I was playing one of those colour sorting games on my phone and thought it would be an interesting challenge to write an application which could solve it.
Most of the puzzles follow the same format where you move coloured items from one container to another until all the items of the same colour are together.
|Green| | Red | |Green| | Red | |Green| |Blue |
| Red | |Blue | |Blue | => | Red | |Green| |Blue |
|Blue | | Red | |Green| | Red | |Green| |Blue |
Rules
- A colour(s) can be moved to an empty container.
- A colour(s) can be moved a container where the top most colour is the same and there is enough space for the colour(s)
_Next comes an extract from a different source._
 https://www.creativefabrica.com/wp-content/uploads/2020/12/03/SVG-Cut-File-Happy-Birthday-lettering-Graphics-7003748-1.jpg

- When the source container has multiple items of the same colour then all are moved. (If there is enough space).
This is a simple console application in C# which can solve these colour puzzle. It reads in a .json file and outputs the minimum number of steps required to solve the game, if possible.
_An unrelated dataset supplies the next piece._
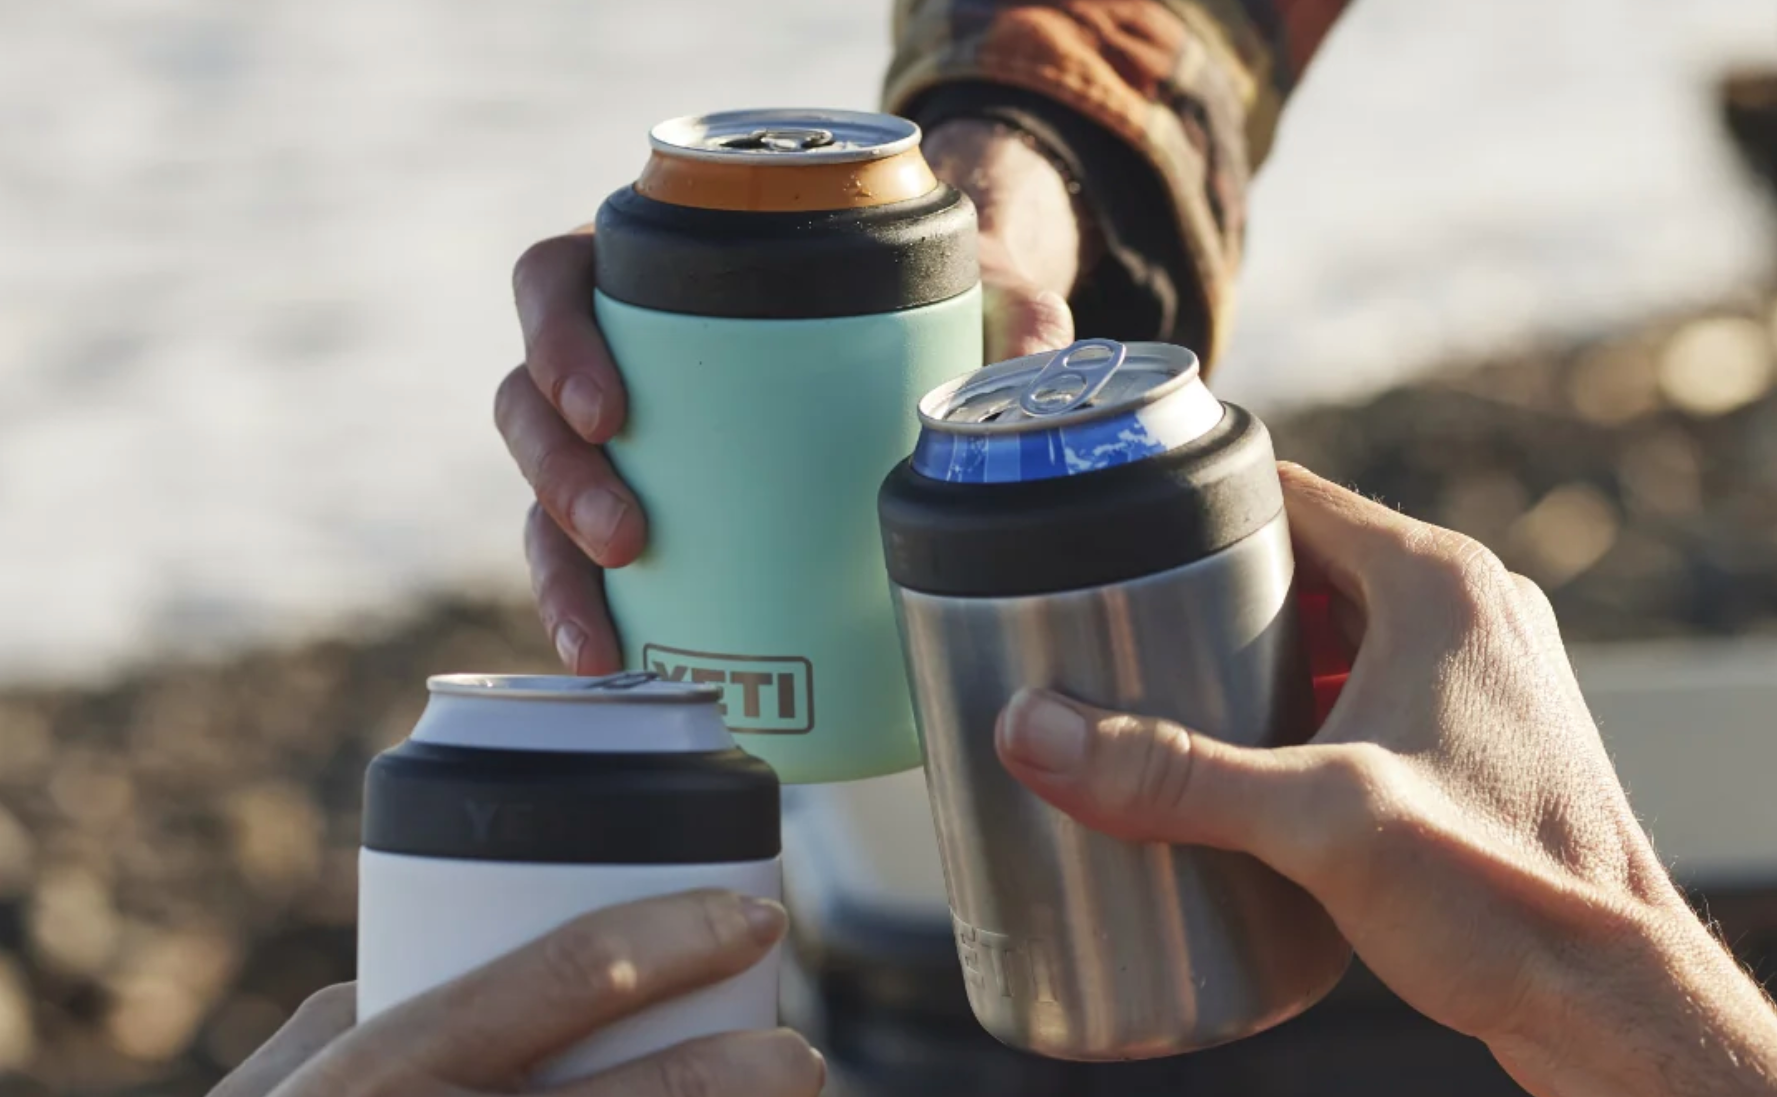 Prime Day Yeti Deals 2023: Grab These Insulated Products At a Discount

I have put here on GitHub as a public repository for general interest and example of my coding style. Feel free to use or suggest improvements.
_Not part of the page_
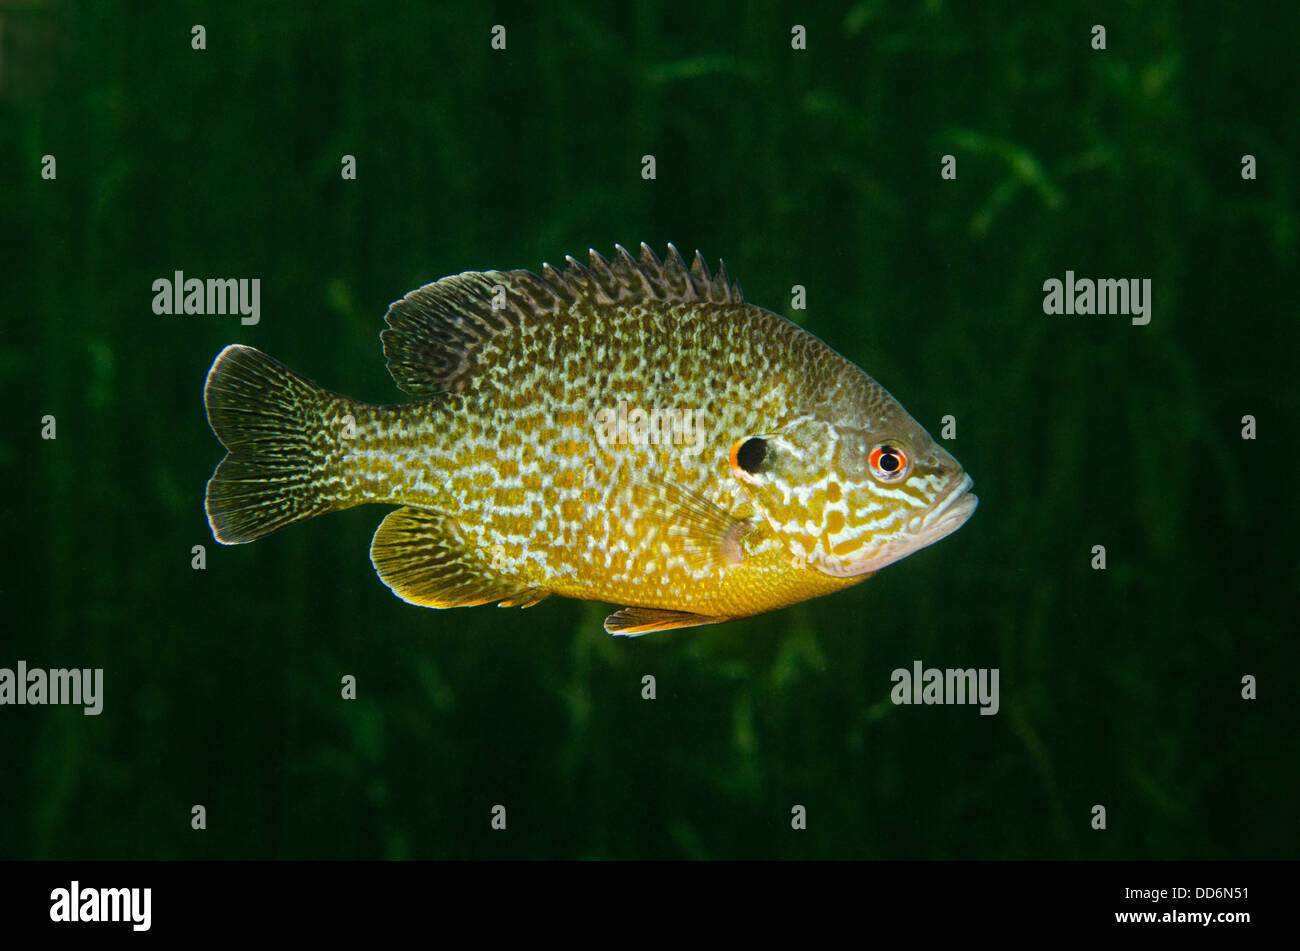 A "Pumpkinseed" freshwater fish, Lepomis gibbosus, swims in an abandoned quarry. Stock Photo

I could just use some solution on the internet but I wanted have a go at writing my own. It is not the type of problem I have written a solution for before so it would be an intresting challenge.
I knew a brute force approach would not work for anything but the smallest puzzle. I knew about using a back track algorithm for solving these types of puzzle.
From an initial puzzle layout I determine the available moves and then apply the first one storing it and remaining moves on a stack. No I have a new layout, I repeat the process until there no valid moves left. At which point I retrieve the availabe moves from the previous round and repeat the processes. If a solution is found, it is recorded and the number of moves taken stored. I then back track two moves and begin looking for more solutions. I am now only interested in solutions with fewer moves so I can stop seaching any path that would result in same or more moves. Once complete I found the quickest solution.
One of my goals was to write all the tests using a better naming convention. I find the Given..When..Then or ..Should.. approaches to test names limiting and cumbersome. I wanted the stucture of the tests in the project and test runner to be simpler and clearer.
Any naming convention that starts with the same prefix always messes up any sorting and makes list difficult to read. I wanted to keep the test classes small and discrete.
I created a folder for each Subject Under Test and test class for each method or logically grouped functions. As this give each test much better context in terms of namespace and class name the test names themselves can be much clearer. I have used a simple convention of separating the desciption of the test from the expected result with an underscope.
For example:
The tests for the IsEmpty property in the Container class are in the ContainerTests folder and the IsEmptyTests class.
The tests names don't need to be cluttered with anything about the method or class being tested. The test names are simply the condition being tested and the expected result.
For example:
ContainerTests.IsEmptyTests.SlotCountIsZero_ReturmsTrue
ContainerTests.IsEmptyTests.SlotCountIsGreaterThanZero_ReturmsFalse
Using the Project, Namespace, class grouping in the test runners makes it much easier to find the tests you are looking for. It also fits with the hierarchical nature of the Unit Test Coverage view used by DotCover
When modifying the code or checking the coverage you can quickly identify the class where you need to add additional tests.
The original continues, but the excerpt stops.